Para adaptarse al entorno, las marcas y las agencias deben no sólo reclutar nuevos talentos sino también atreverse a dar una vuelta de tuerca a sus estructuras y crear nuevas «capabilities».

pablo

Y en eso está precisamente la agencia de Honey, R/GA, cuyo principal «superpoder» es, a jucio de Pablo Honey, el departamento de experience design, que está centrado no sólo en el diseño de interfaces sino de experiencias en su conjunto, recalca.

Un trabajo salido, por ejemplo, del departamento de «experience design» de R/GA es este spot de Samsung. «La experiencias, como bien demuestra este spot, debe ser bellas».

http://www.youtube.com/watch?v=k_NMGHlCAX8

Otro cliente de R/GA es la marca de relojes Fossil, que acudió a su agencia preocupada por el cambio tecnológico que estaba aconteciendo en el entorno. ¿La respuesta de R/GA al problema de Fossil? La marca Fossil Q, que fusiona relojería tradicional con tecnología punta. De hecho, hoy en día Fossil aspira a hacer el viraje hacia la tecnología y convertirse en una marca «techie» con todas las de la ley. «En R/GA estamos orgullosos de haber cambiado esta marca para siempre», señala.

 

fossil

También ha recurrido a R/GA para ajustar sus ritmos internos a los del entorno la marca sueca Volvo. ¿El resultado? El proyecto de realidad virtual «Volvo Reality». Para poner en marcha este proyecto R/GA tuvo la suerte de trabajar con parte del equipo de la aclamada película Gravity, recuerda Honey.

http://www.youtube.com/watch?v=ODTZ709v90k

En el futuro todo, absolutamente todo, estará conectado, indica Honey. Esta campaña de R/GA para la cadena de gimnasios Equinox es prueba más que palpable de ello.

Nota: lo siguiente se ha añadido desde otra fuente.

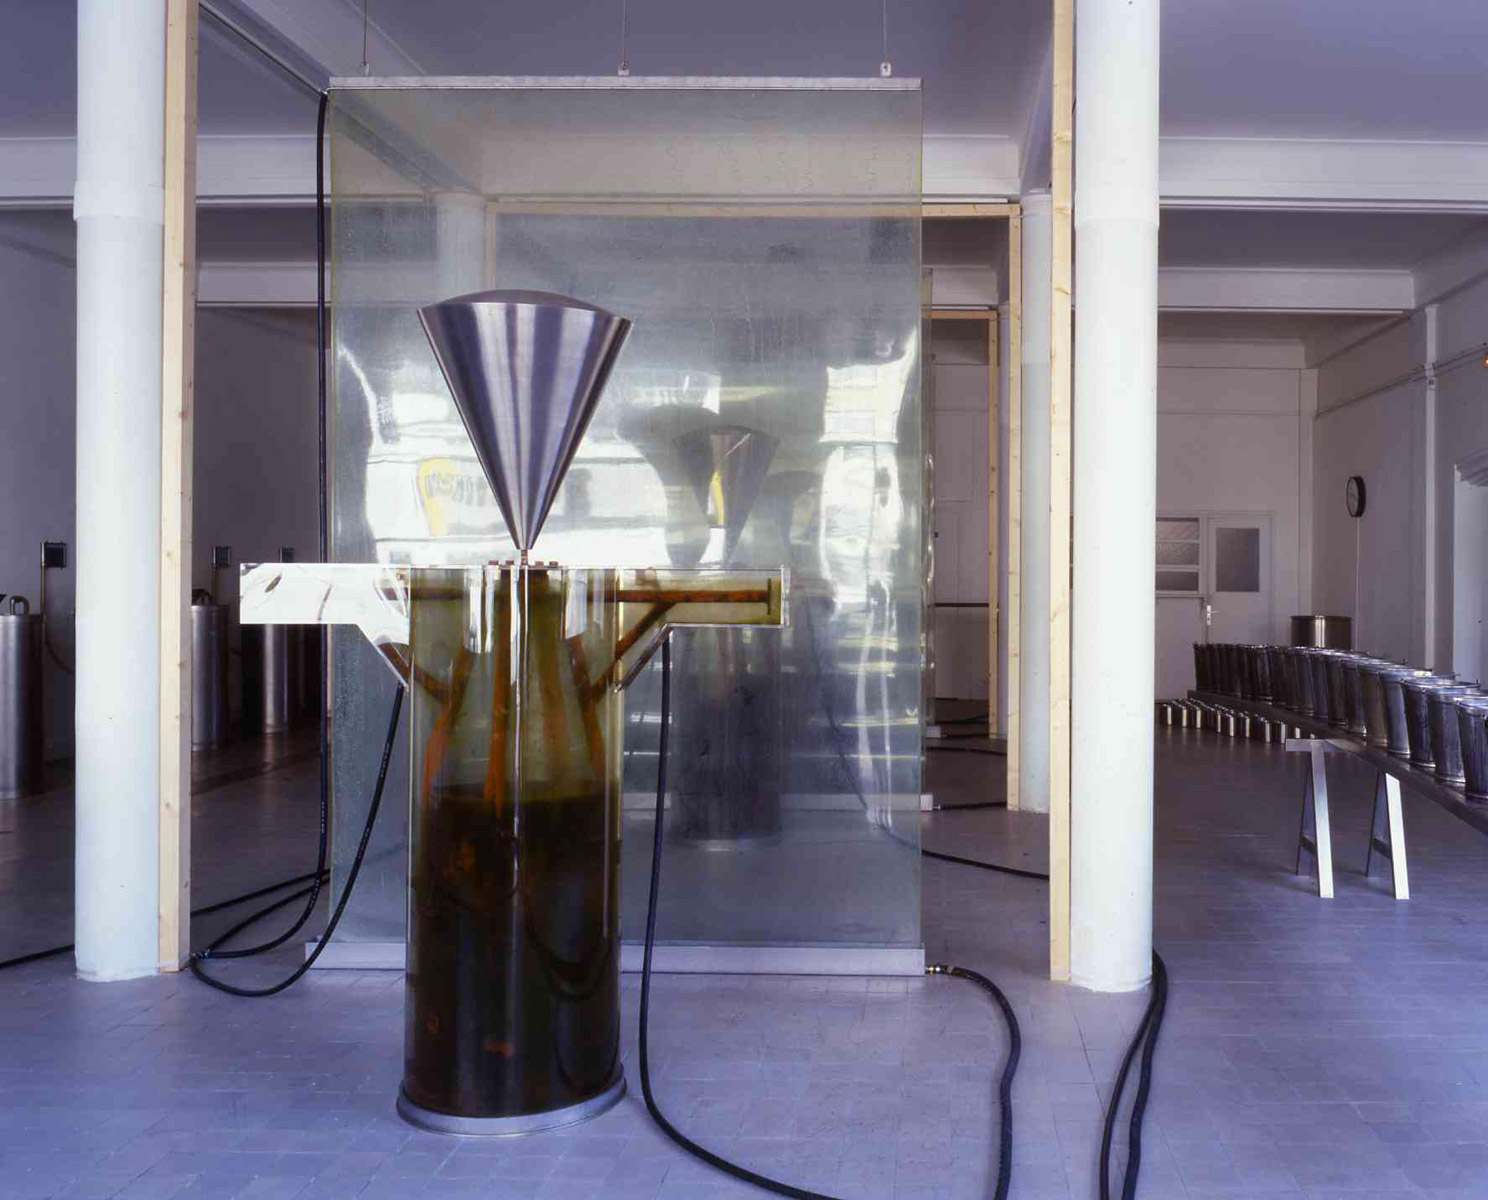 Solar, Aqua, Tempus - Le Grand Café

Por otra parte, con las nuevas tecnologías aplicadas a las ciudades conectadas (ciudades invisibles como las denomina Honey) pasan dos cosas: que nos permiten trabajar desde cualquier sitio y las metrópolis se hacen hasta cierto punto superfluas, y que tienden a su vez a aislarnos del mundo. Sin embargo, las ciudades siguen creciendo a un excelente ritmo. «Y cuanto más usamos las tecnologías, más queremos reunirnos en espacios públicos», indica Honey. «Tendemos a trabajar, vivir y divertirnos en el mismo lugar», dice.

Cuando abordamos el tema de las ciudades conectadas, podemos hacerlo de dos formas: desde el punto de vista meramente tecnológico, y desde el punto de vista humano, donde entrarían en juego las marcas y las agencias, asegura Honey. «Las ciudades conectadas pueden ser una mina de oro para las marcas y las agencias», dice. «Hay múltiples posibilidades en estas urbes de nueva hornada», afirma. Sin las marcas y las agencias a su vera, las ciudades corren el riesgo de quedarse sin emociones. Al fin y al cabo, «la tecnología es todavía aséptica desde el punto de vista de las emociones», destaca. «Corresponde a las marcas y las agencias teñirlas de emociones».